## Computing the chromatic polynomial

#### (without fancy-schmanzy special-purpose tools like GraphThing, whatever that is, dsx)

The following Perl 5 script will compute the chromatic polynomial of a graph fed to its standard input.

``` c(1,<>); \$i--; map {print s'-''?'-':'+',''x s'^1\$'',\$_,"x^\$i" if \$i++,\$_} @s; sub c {my(\$p,\$c,@q)=@_; @q or \$s[\$c]+=\$p,return; return if grep {/(.)\1/} @q; my(\$l,\$r)=split //,shift @q; c(\$p,\$c,@q); map {s/\$l/\$r/g} @q; c(-\$p,--\$c,@q)} ```

(Of course, it's possible to write such a program in legible Perl too, but .sig-length scripts that do something useful are much more fun, no?)
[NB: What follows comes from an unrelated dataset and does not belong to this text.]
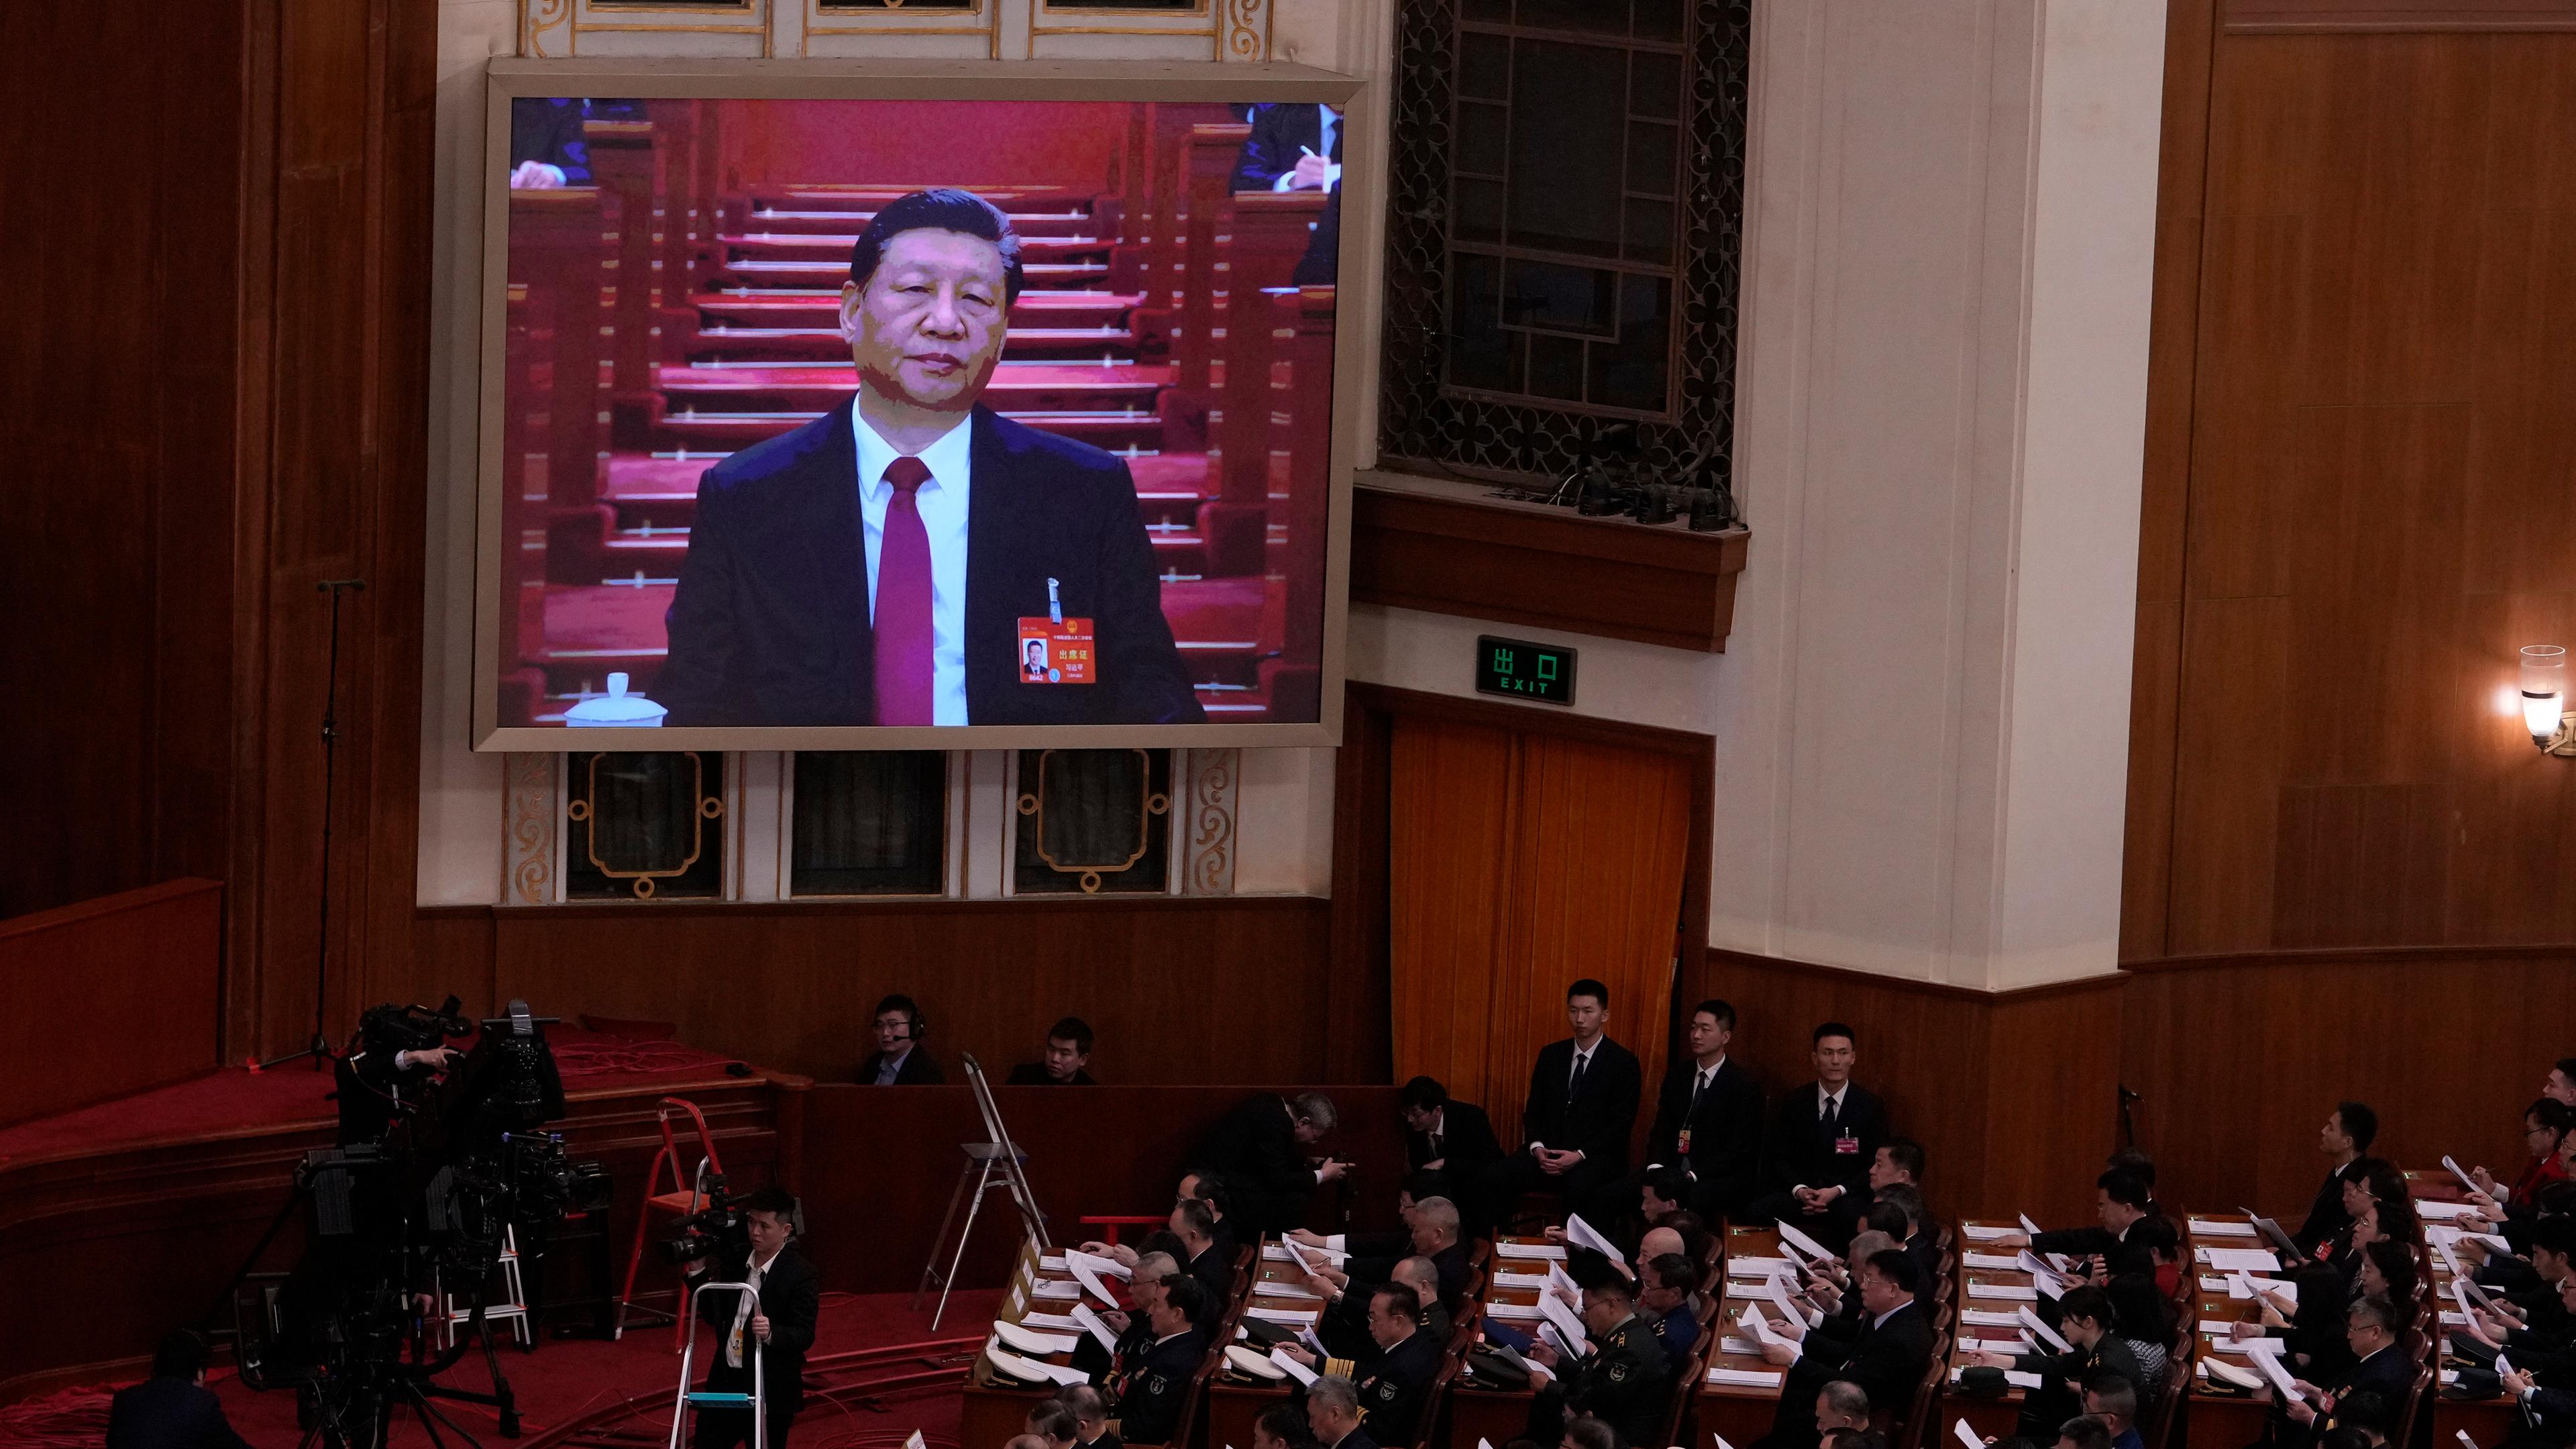 Xi Jinping, Präsident von China, (auf dem Bildschirm) hört der Eröffnungsrede von Li, Ministerpräsident von China, während der Eröffnungssitzung des Nationalen Volkskongresses (NVK) in der Großen Halle des Volkes in Peking, China, zu.

To use the program, prepare a data file containing the graph in the following format: name each vertex of your graph with an ASCII symbol (number, letter, whatever.) The first line of your file gives the number of vertices of the graph; each subsequent line of the file should contain a two-character string corresponding to the two ends of an edge. Thus for a square (also known as C4), whose vertices you have decided to call `A` to `D`, you would use a file such as:

``` 4 AB BC CD DA ```
(Note that it is not necessary to list the character names of the vertices explicitly.) Save the program as `chromatic` and the data file above as `square`, then invoke Perl:
``` bash\$ perl chromatic square -3x^1+6x^2-4x^3+x^4bash\$ ```

Okay, the output could be more elegant, but x4-4x3+6x2-3x is the same chromatic polynomial that Hykin's writeup gives for C4, so it's probably right.

With suitable data files, we can also check the chromatic polynomials given in the above writeups for K3:

``` 3 AB BC CA ```
K3,3:
``` 6 A1 A2 A3 B1 B2 B3 C1 C2 C3 ```
the cube graph:
``` 8 AB BC CD DA 12 23 34 41 A1 B2 C3 D4 ```
and the Petersen graph:
``` 10 AB BC CD DE EA 13 35 52 24 41 A1 B2 C3 D4 E5 ```

In fact the script finds a misprint in dsx's writeup: for the cube graph, the coefficient of x4 is not 411 but 441.

The program uses the recursive method outlined by dsx, whose running time is exponential in the number of edges. Consequently it's not practical to use it on really big (or even moderately big) graphs. The Petersen graph takes about a quarter of a second on a 3GHz Xeon system, and that's only fifteen edges.

#### Source

I wrote the above program some years ago (back when Perl 5 was the latest thing) as an undergraduate computing project.